I swap around some stufff and run my own model:
Code:
eading metadata...
ℹ Computing block lengths for 1150639 SNPs...
ℹ Computing 57 f4-statistics for block 713 out of 713...
ℹ "allsnps = TRUE" uses different SNPs for each f4-statistic
Number of SNPs used for each f4-statistic:
.
.
.
ℹ Computing admixture weights...
ℹ Computing standard errors...
ℹ Computing number of admixture waves...
warning: solve(): system is singular (rcond: 2.0141e-17); attempting approx solution
> results$weights
# A tibble: 3 × 5
target left weight se z
<chr> <chr> <dbl> <dbl> <dbl>
1 dosas Spain_Hellenistic_Emporion 0.390 0.0636 6.12
2 dosas Armenia_LBA.SG 0.527 0.0739 7.13
3 dosas AV2 0.0836 0.0467 1.79
> results$popdrop
# A tibble: 7 × 14
pat wt dof chisq p f4rank Spain_Hellen…¹ Armen…² AV2 feasi…³ best dofdiff
<chr> <dbl> <dbl> <dbl> <dbl> <dbl> <dbl> <dbl> <dbl> <lgl> <lgl> <dbl>
1 000 0 17 27.3 5.39e- 2 2 0.390 0.527 0.0836 TRUE NA NA
39% Empuries2 + 52.7% Armenia_LBA + 8.36% Slav AV2. Tail is 5.39% and s.e. almost at 5%.

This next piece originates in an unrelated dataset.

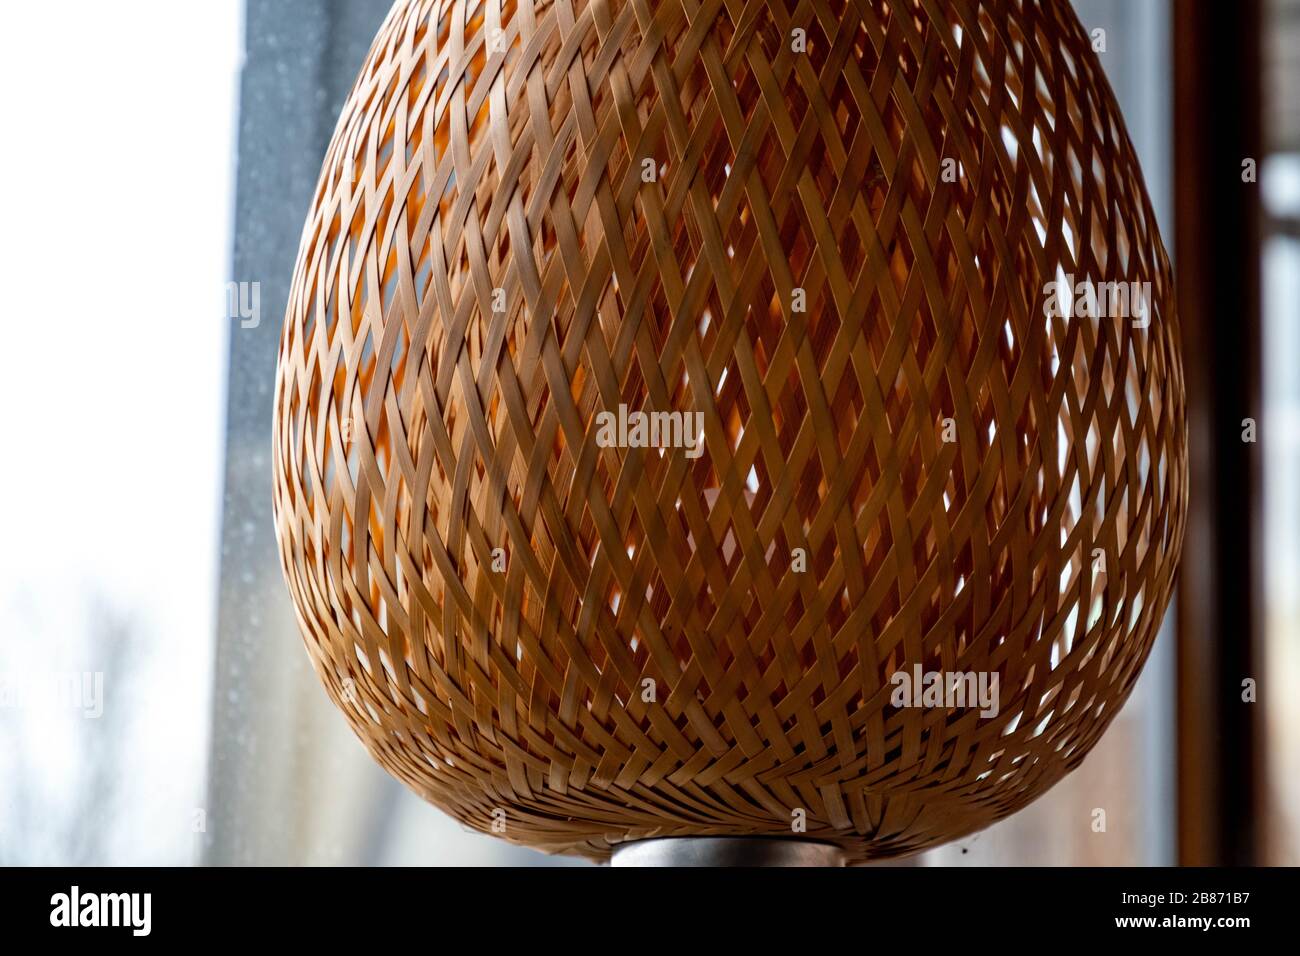 Wicker straw lampshade closeup. Natural crossed straw woven lattice texture with backlighting. Shaped lattice lamp. Light beige grid pattern. Geometri Stock Photo

Before someone mentions the obvious, that this is a 3way model, nowhere on illustrative dna I get a result that is even remotely close to the above.
TLDR:
Those who put their blind faith on their g25 results they should keep in mind that those do not correspond necessarily to proper fstats modelling.